**Task directions**
Give again, word for word, every line in the entries below from the line with "Magnifique panneau de" up to and including the line with "Il serait superbe rétroéclairé ou", and no other line.

Dataset records
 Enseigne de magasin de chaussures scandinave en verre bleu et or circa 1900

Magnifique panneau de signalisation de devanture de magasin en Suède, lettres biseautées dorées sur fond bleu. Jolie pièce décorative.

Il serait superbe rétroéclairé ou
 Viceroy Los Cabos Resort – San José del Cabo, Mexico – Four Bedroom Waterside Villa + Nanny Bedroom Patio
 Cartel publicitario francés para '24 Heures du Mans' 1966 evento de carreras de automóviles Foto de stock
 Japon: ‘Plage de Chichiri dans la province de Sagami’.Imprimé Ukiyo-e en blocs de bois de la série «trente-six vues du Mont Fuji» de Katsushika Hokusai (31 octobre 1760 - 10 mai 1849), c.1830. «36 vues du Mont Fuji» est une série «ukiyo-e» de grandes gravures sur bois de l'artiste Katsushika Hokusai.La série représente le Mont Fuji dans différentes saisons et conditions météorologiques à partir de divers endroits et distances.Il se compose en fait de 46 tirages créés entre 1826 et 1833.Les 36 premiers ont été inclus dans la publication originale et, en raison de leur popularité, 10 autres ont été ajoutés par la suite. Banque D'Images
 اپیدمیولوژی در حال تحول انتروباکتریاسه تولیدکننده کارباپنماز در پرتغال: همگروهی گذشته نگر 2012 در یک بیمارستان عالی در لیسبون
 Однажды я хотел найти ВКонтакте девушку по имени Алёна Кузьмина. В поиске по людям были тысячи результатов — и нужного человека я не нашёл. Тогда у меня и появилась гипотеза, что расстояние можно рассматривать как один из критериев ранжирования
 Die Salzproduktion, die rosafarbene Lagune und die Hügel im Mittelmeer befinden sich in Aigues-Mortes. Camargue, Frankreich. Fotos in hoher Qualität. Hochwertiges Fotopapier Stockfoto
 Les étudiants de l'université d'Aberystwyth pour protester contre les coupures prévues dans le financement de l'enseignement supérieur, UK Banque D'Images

**Expected output**
Magnifique panneau de signalisation de devanture de magasin en Suède, lettres biseautées dorées sur fond bleu. Jolie pièce décorative.

Il serait superbe rétroéclairé ou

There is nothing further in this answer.